**PROBLEM DESCRIPTION**
Only the lines of the data below from the one with "How to Make" through the one with "KDC250 User Manual" are wanted. Repeat them exactly.

**SUPPLIED MATERIAL**
┌──

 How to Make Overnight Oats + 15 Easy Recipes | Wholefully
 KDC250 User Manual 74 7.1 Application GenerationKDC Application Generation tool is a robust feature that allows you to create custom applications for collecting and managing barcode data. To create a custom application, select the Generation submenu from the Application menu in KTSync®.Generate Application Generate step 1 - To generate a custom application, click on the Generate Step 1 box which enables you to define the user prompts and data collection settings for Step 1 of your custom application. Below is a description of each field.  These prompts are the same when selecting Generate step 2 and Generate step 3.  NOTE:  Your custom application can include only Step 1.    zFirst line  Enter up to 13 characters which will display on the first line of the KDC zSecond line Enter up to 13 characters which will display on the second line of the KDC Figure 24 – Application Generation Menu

└──
┌──

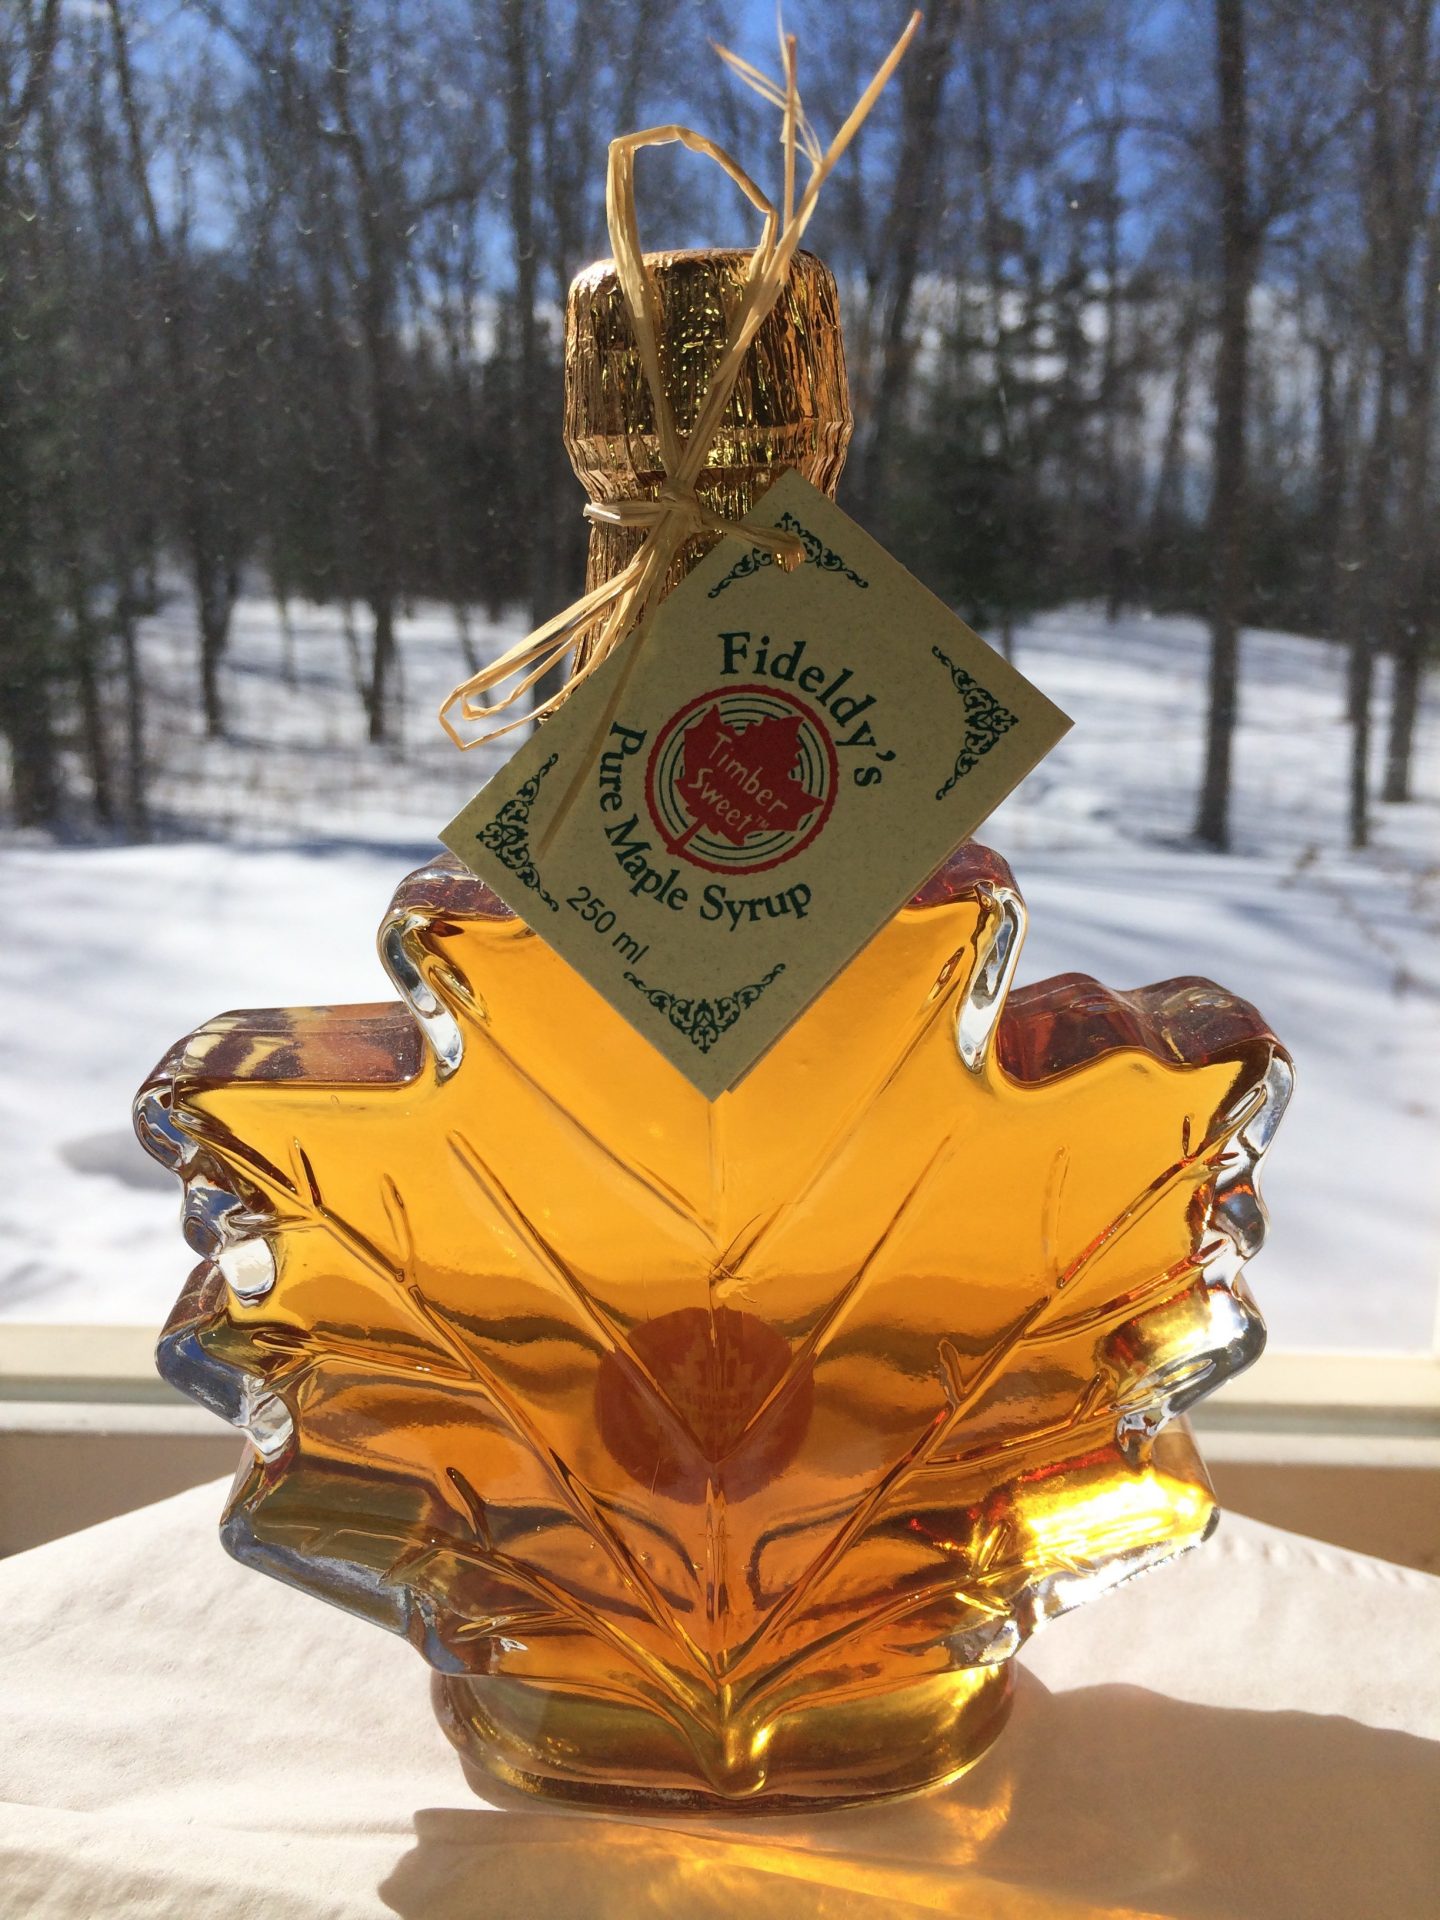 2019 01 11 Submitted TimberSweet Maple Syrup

└──

**RESPONSE**
 How to Make Overnight Oats + 15 Easy Recipes | Wholefully
 KDC250 User Manual 74 7.1 Application GenerationKDC Application Generation tool is a robust feature that allows you to create custom applications for collecting and managing barcode data. To create a custom application, select the Generation submenu from the Application menu in KTSync®.Generate Application Generate step 1 - To generate a custom application, click on the Generate Step 1 box which enables you to define the user prompts and data collection settings for Step 1 of your custom application. Below is a description of each field.  These prompts are the same when selecting Generate step 2 and Generate step 3.  NOTE:  Your custom application can include only Step 1.    zFirst line  Enter up to 13 characters which will display on the first line of the KDC zSecond line Enter up to 13 characters which will display on the second line of the KDC Figure 24 – Application Generation Menu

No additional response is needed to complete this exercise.